Directions for this task>
For the entries that follow, retype exactly the lines from the one containing "Messi-Sun-Sep-19-2021-23:19:01-UTC" to the one containing "A-059 KOMPLET DLA", inclusive, and only those. Images stay out of the copy.

Extracted information>
________________

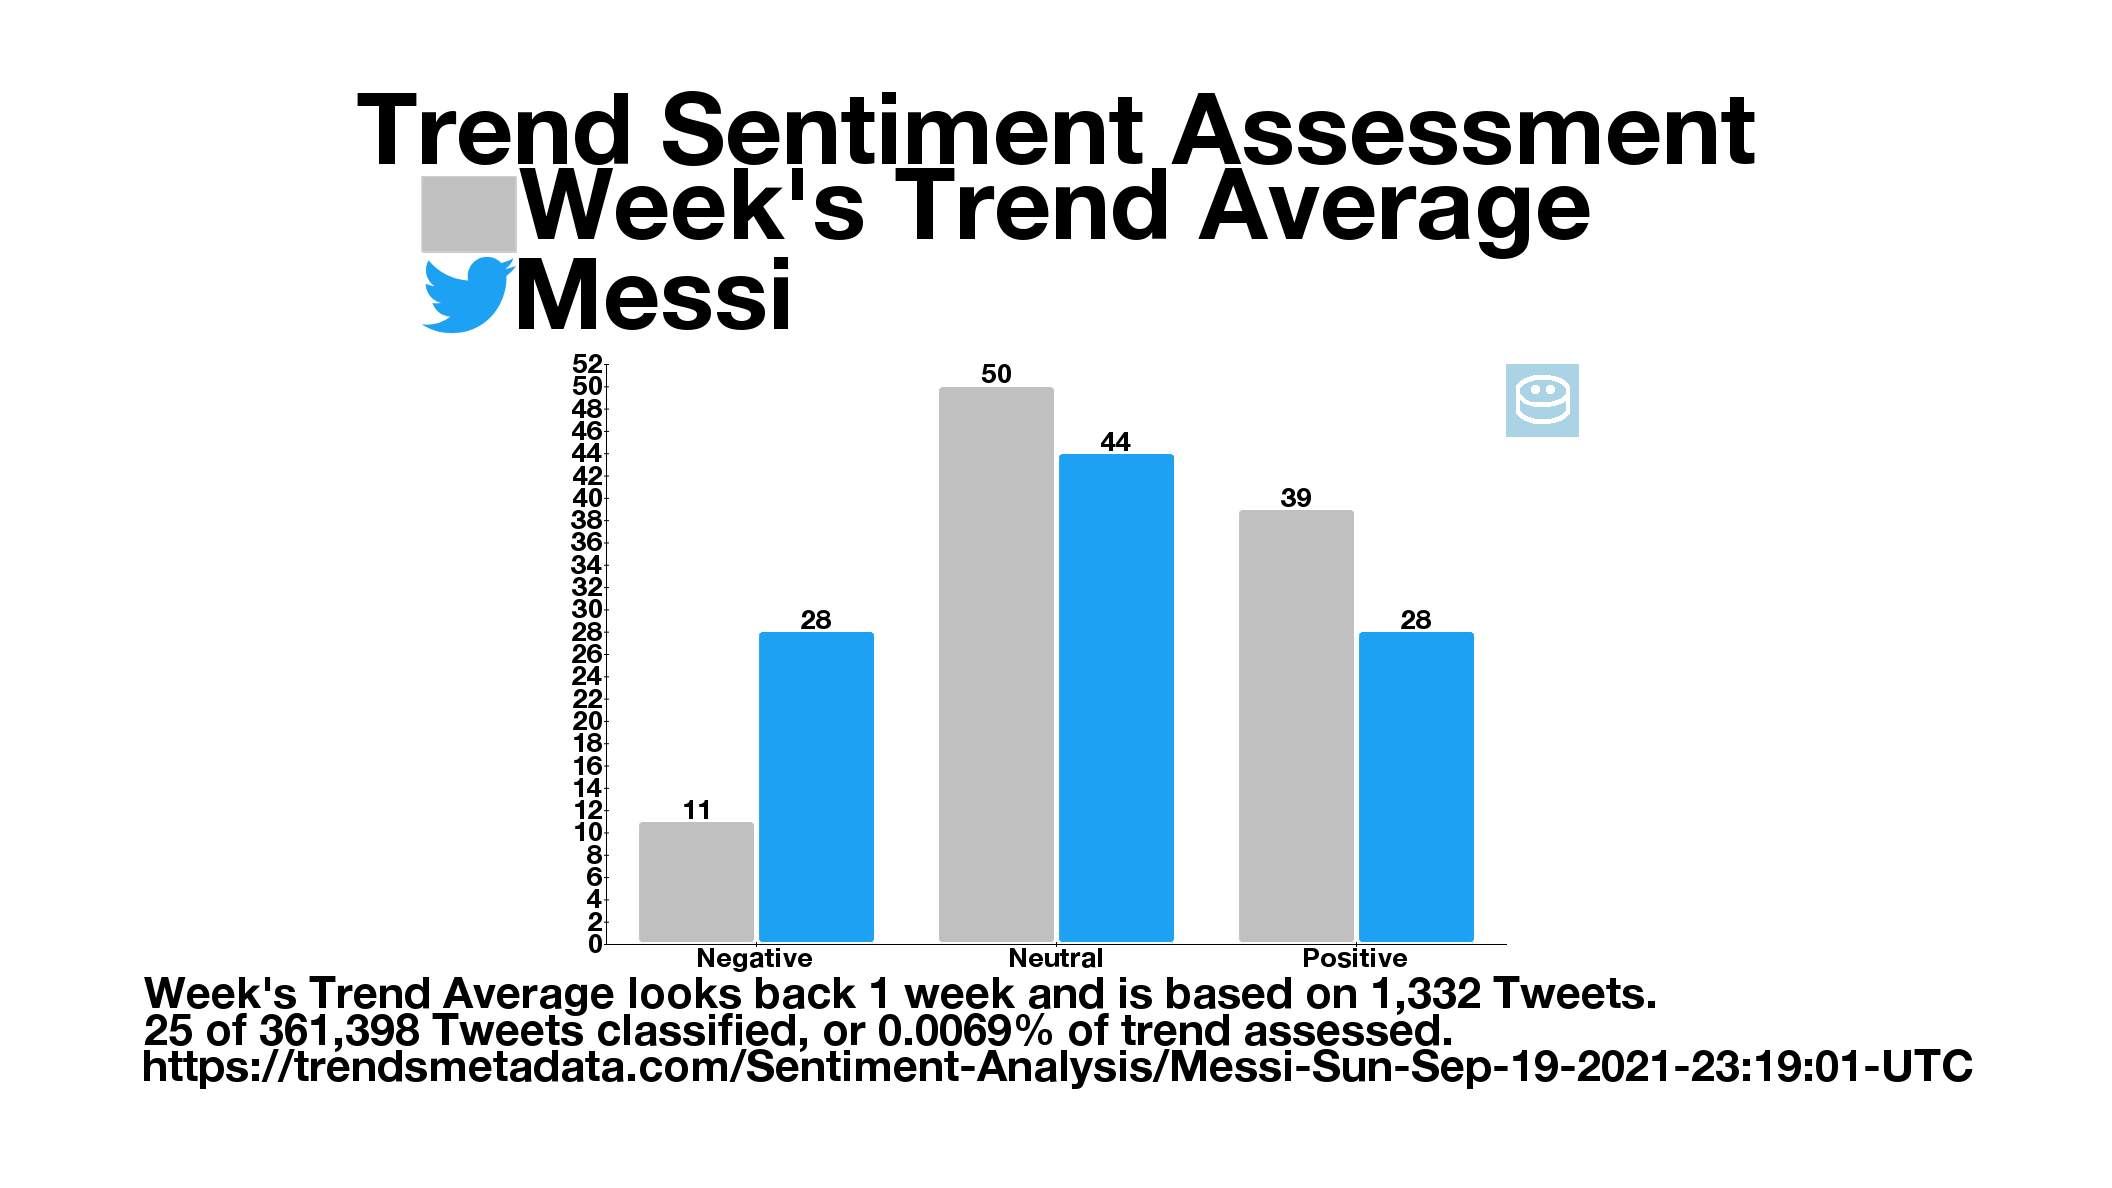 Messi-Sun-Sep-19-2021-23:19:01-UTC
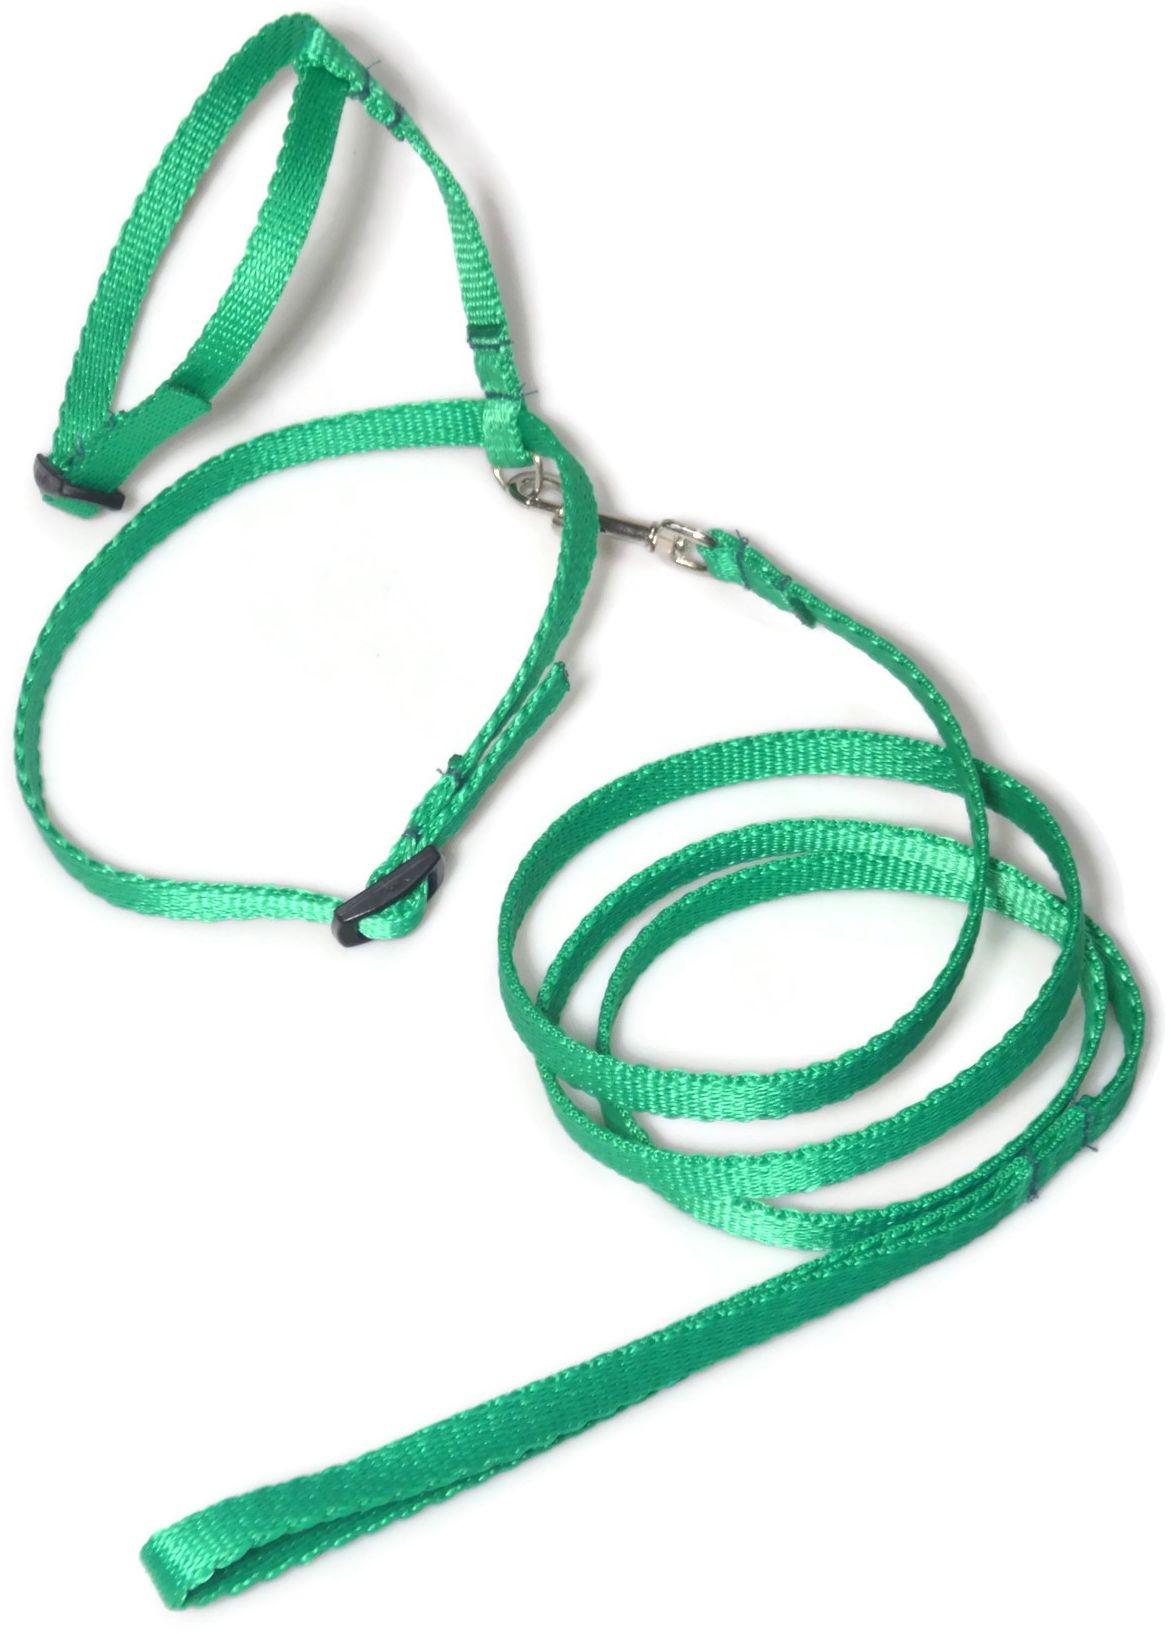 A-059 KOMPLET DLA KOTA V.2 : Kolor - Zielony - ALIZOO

________________

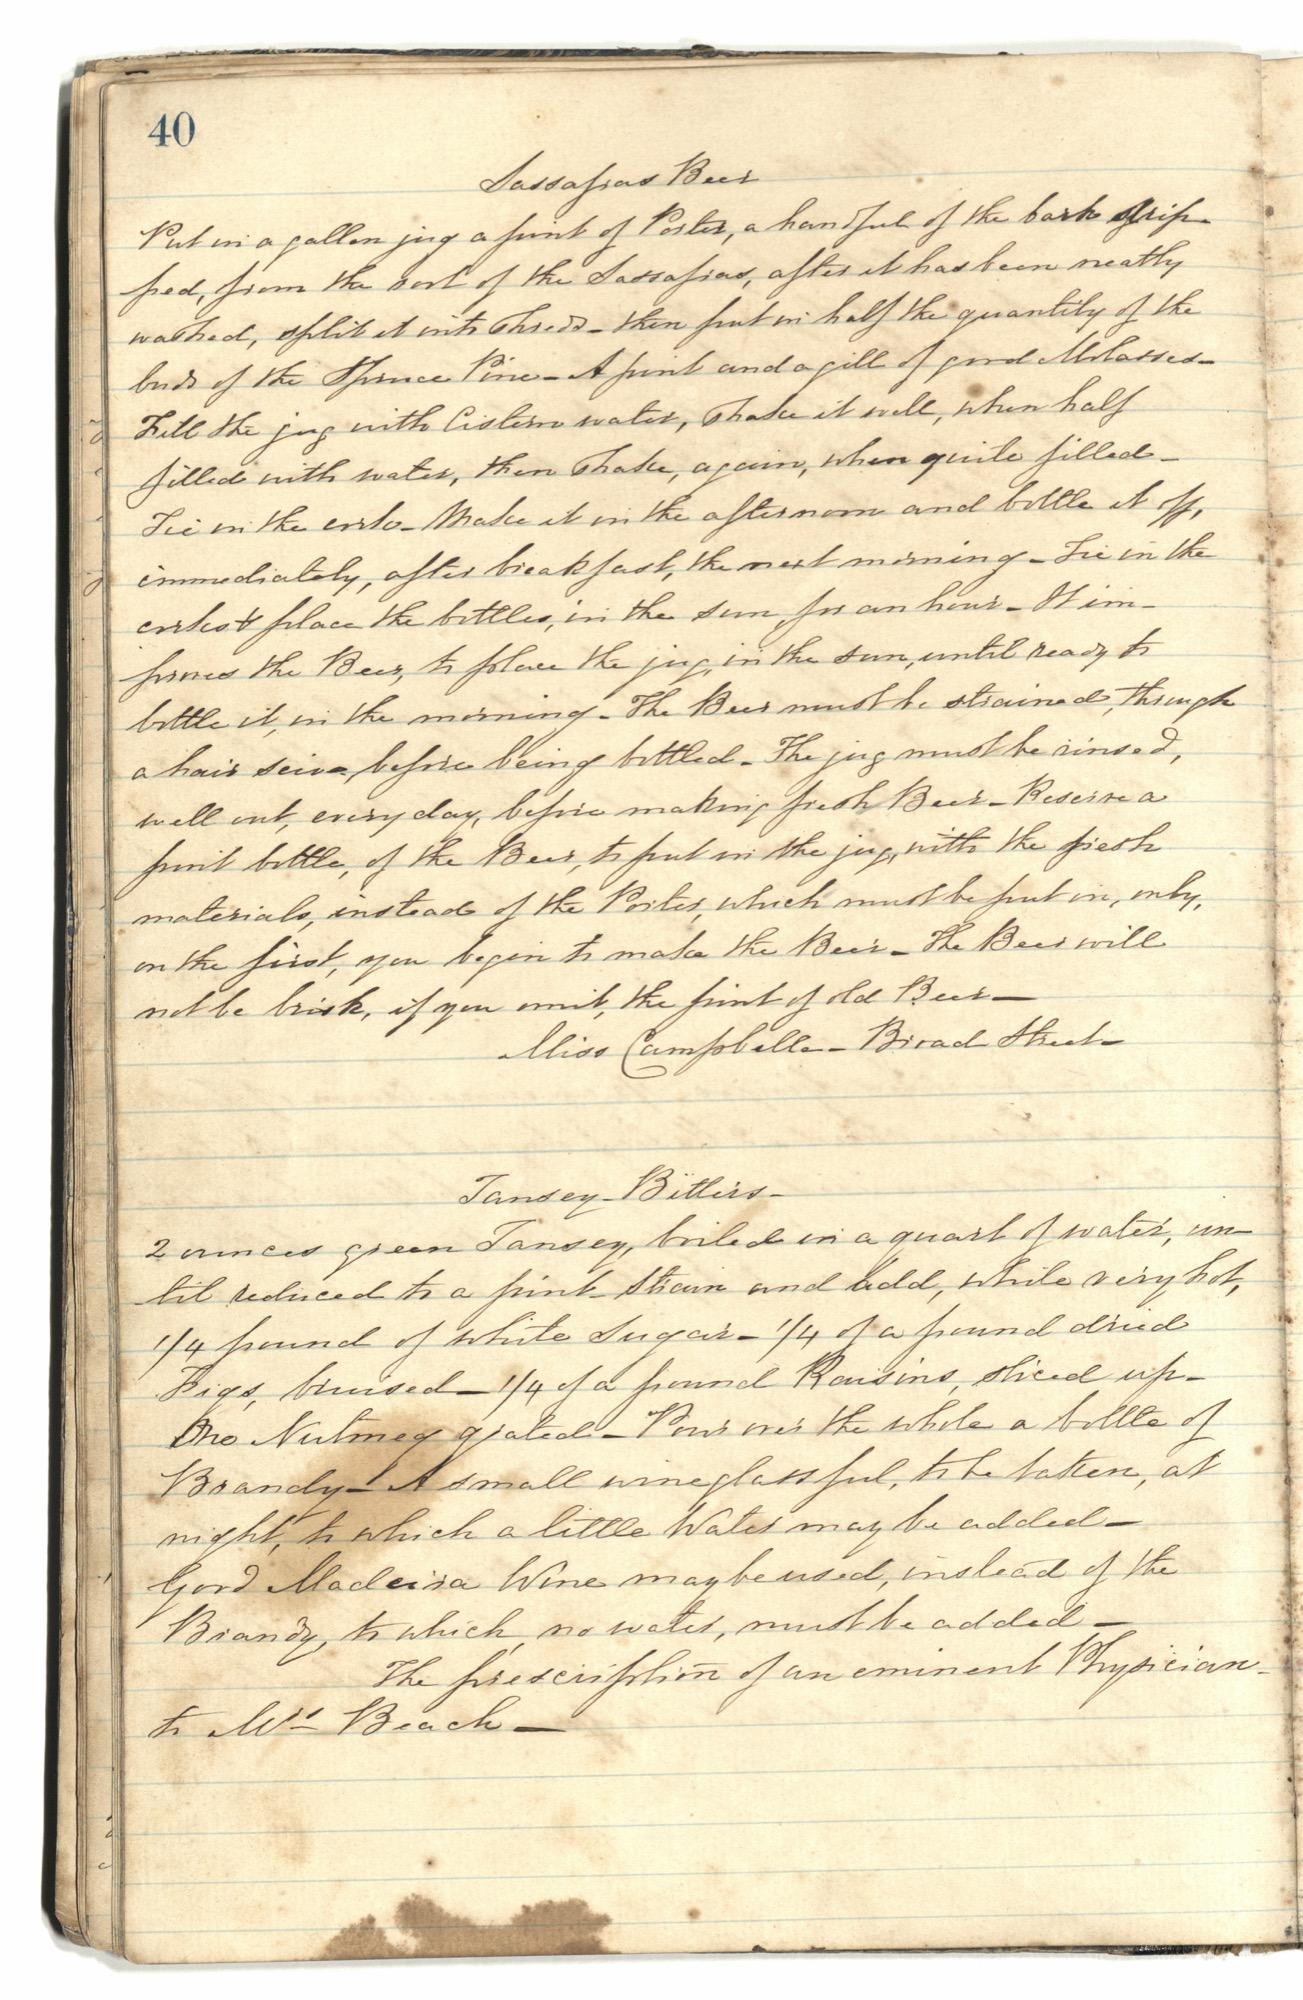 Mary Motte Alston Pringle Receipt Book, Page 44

________________

Problem solution>
 Messi-Sun-Sep-19-2021-23:19:01-UTC
 A-059 KOMPLET DLA KOTA V.2 : Kolor - Zielony - ALIZOO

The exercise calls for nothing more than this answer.